Start of The data

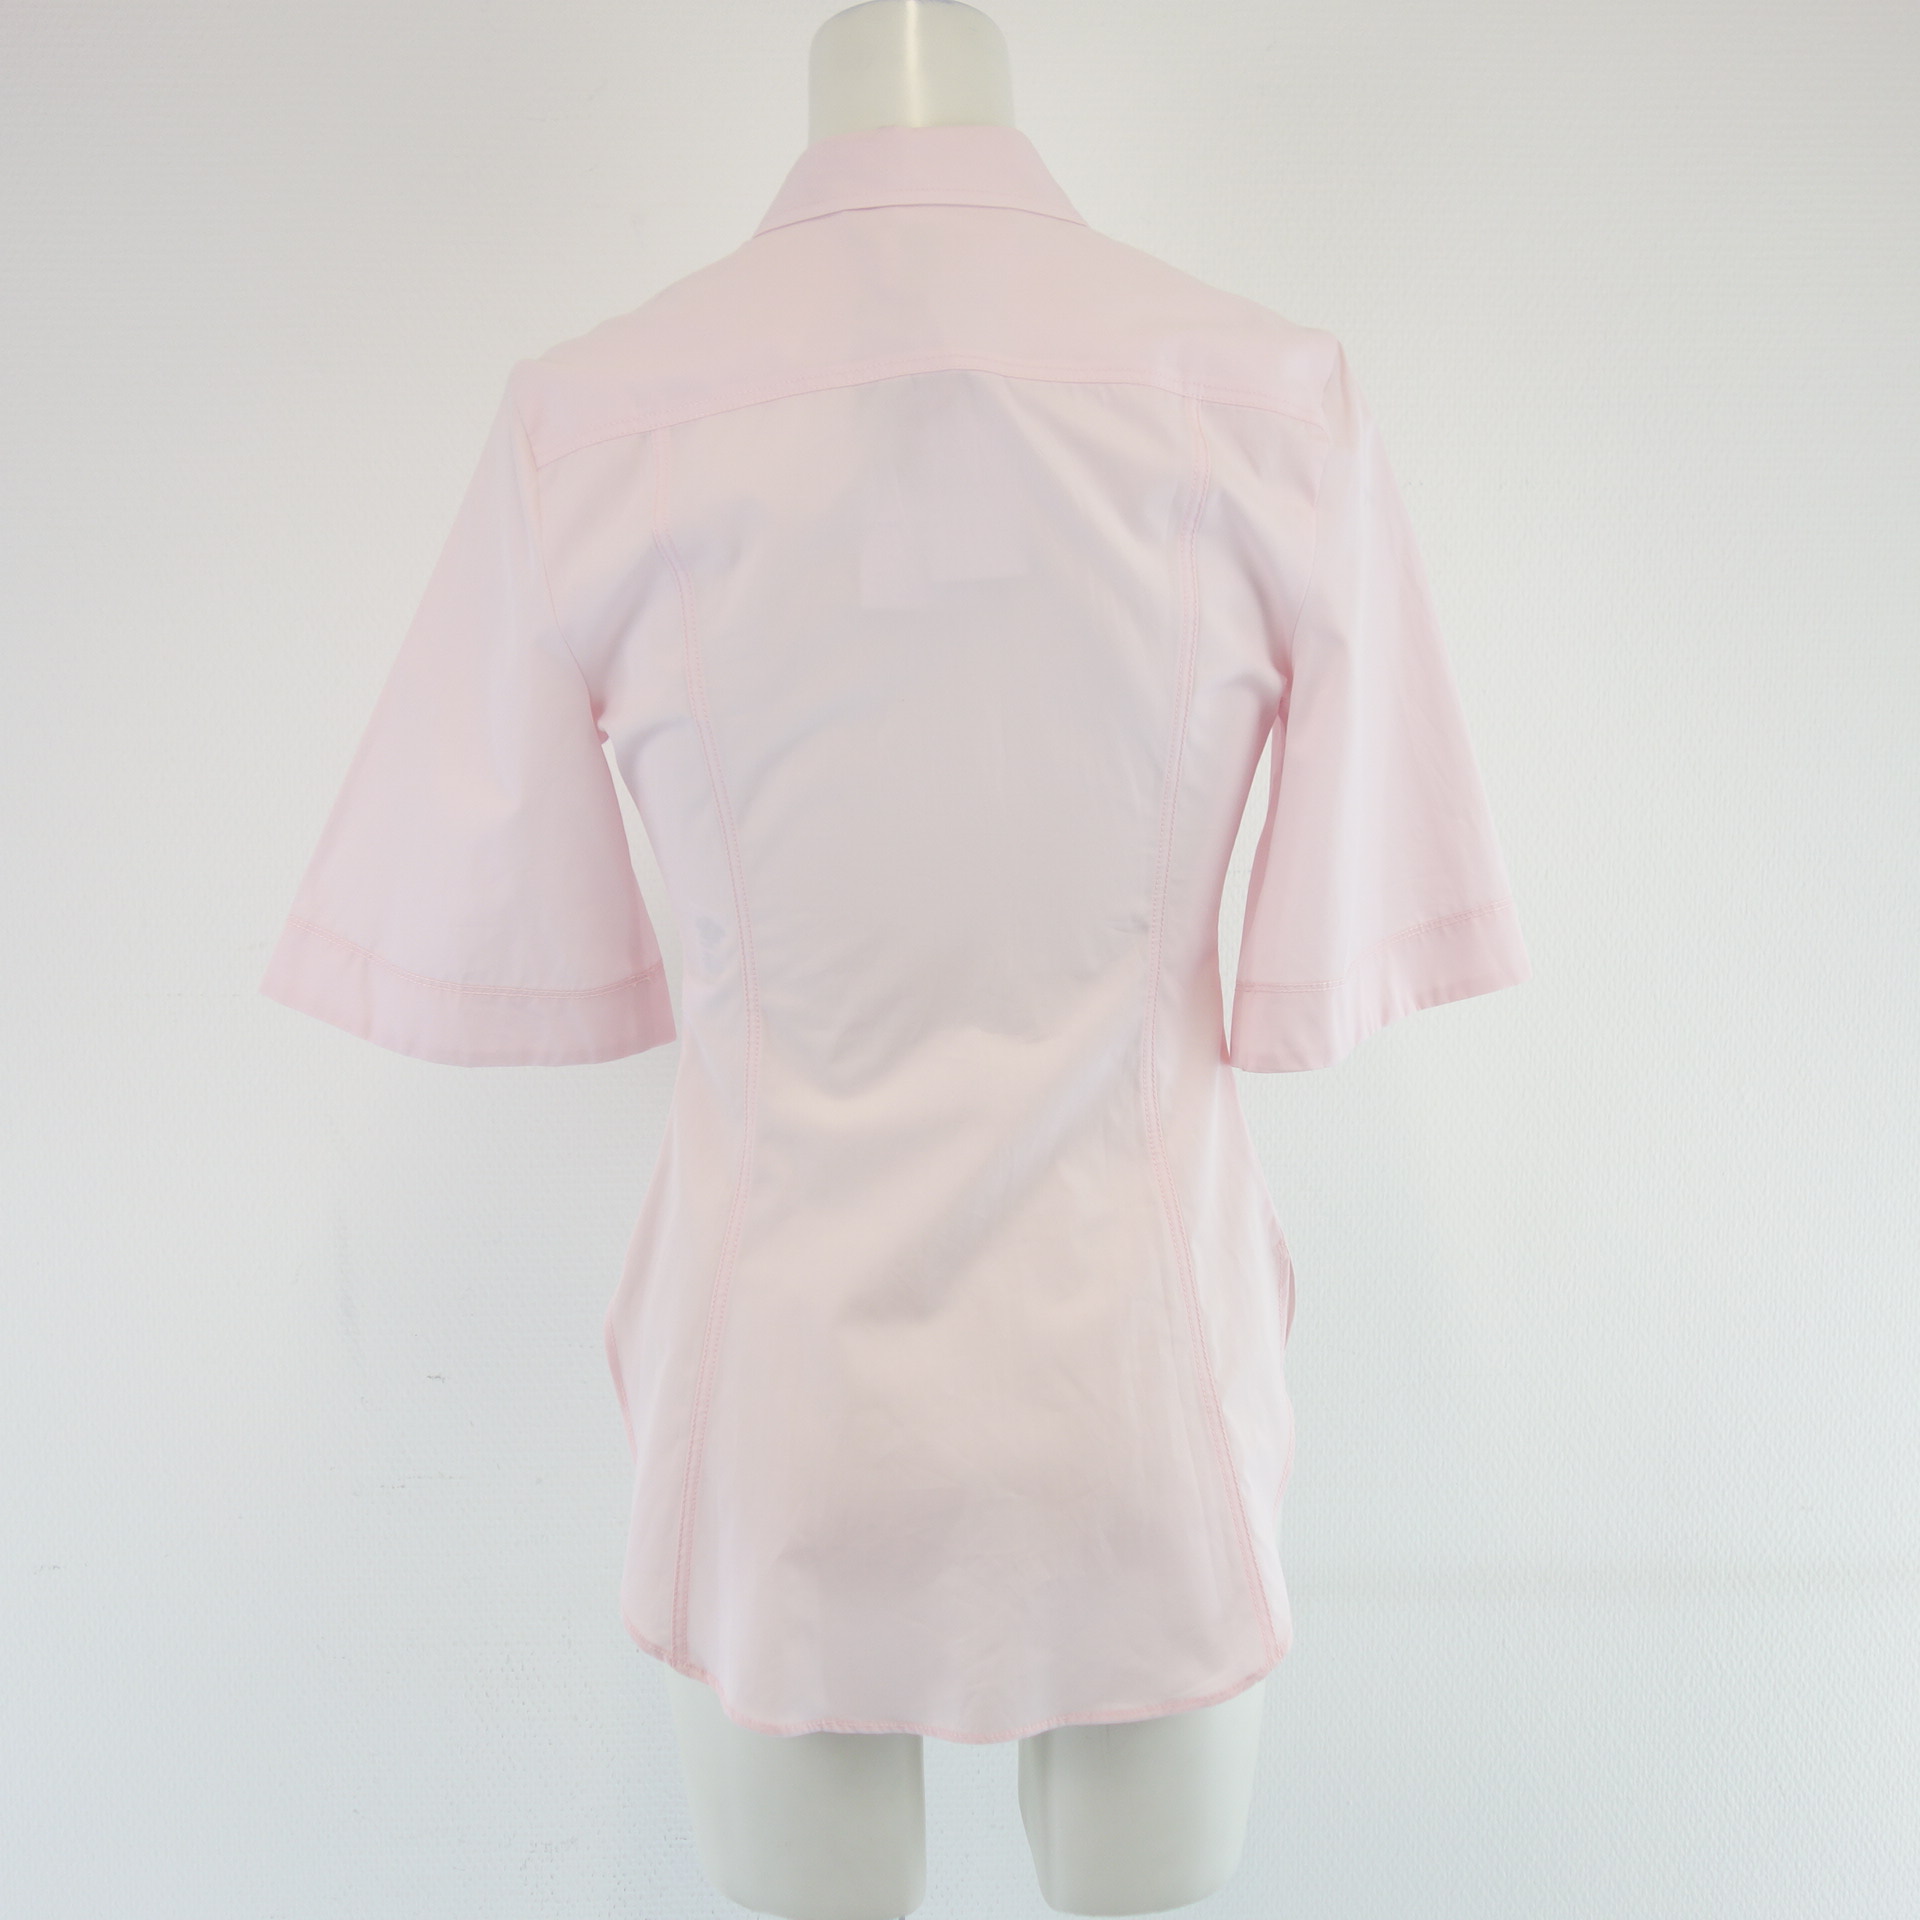 PAUL SMITH Damen Hemd Shirt Tunika Bluse Oberteil Slim 100% Baumwolle Pastell Rosa
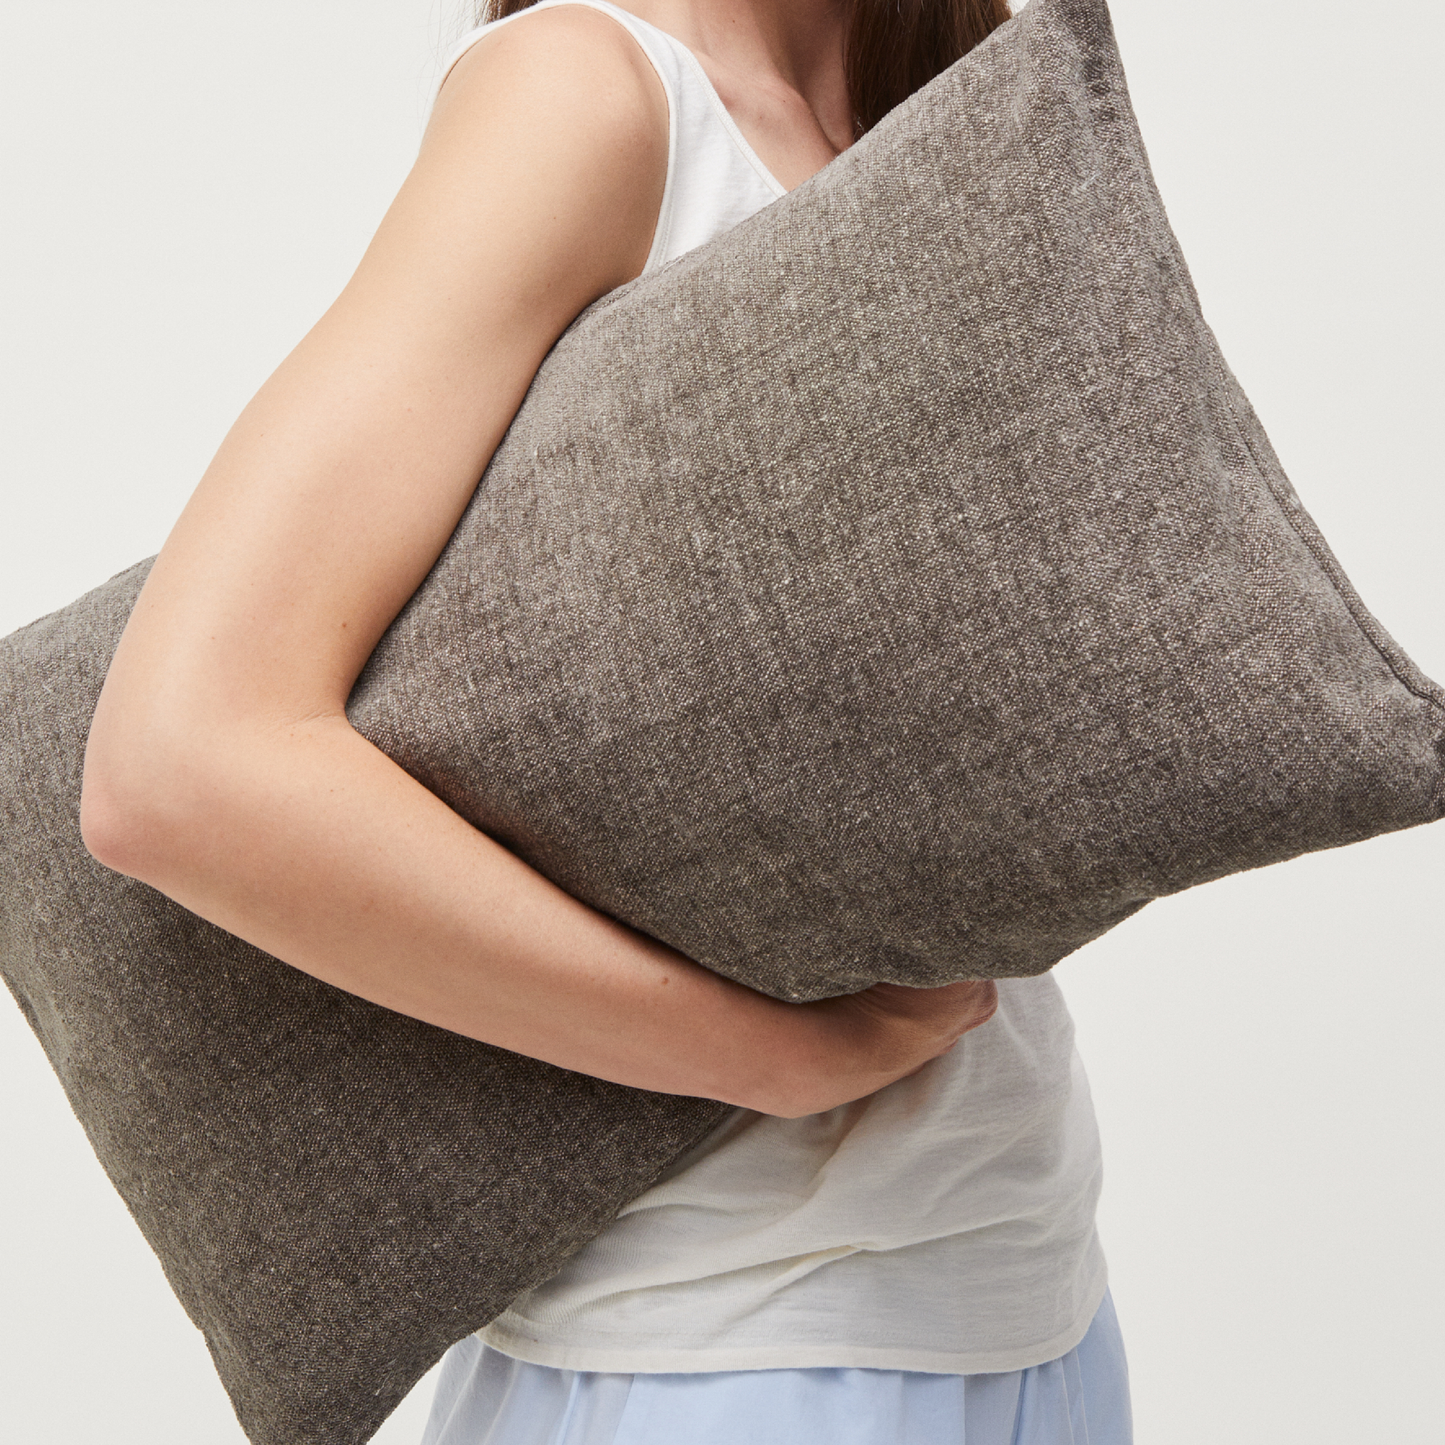 Pillow Cotton Linen, Earth (40x60)
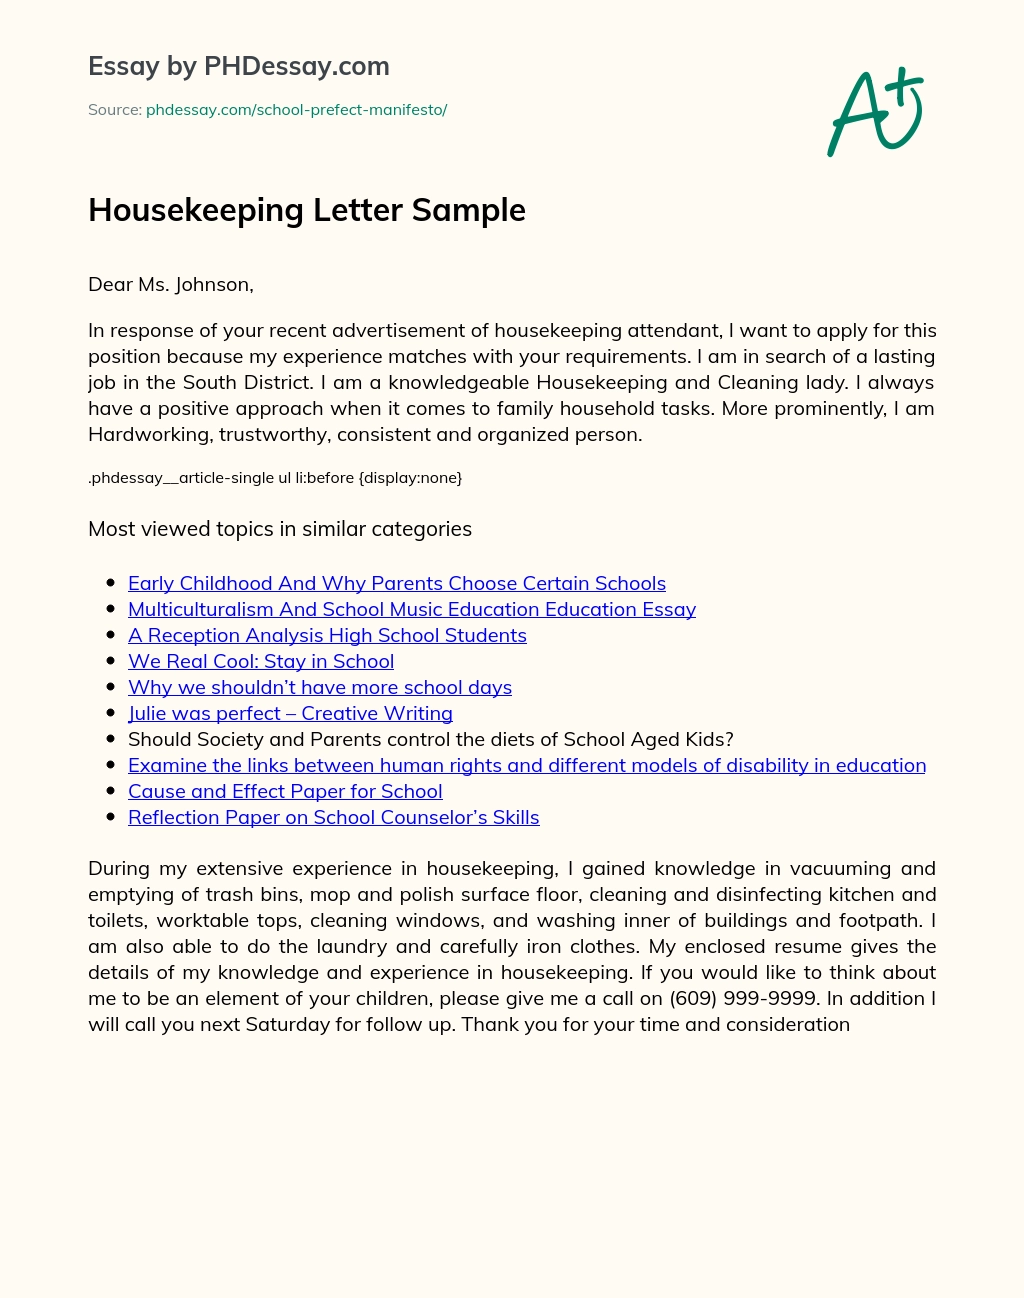 Housekeeping Letter Sample essay

End of The data

Exercise brief :: Write out the data above in full and exactly, but without the pictures.

Response below ::
 PAUL SMITH Damen Hemd Shirt Tunika Bluse Oberteil Slim 100% Baumwolle Pastell Rosa
 Pillow Cotton Linen, Earth (40x60)
 Housekeeping Letter Sample essay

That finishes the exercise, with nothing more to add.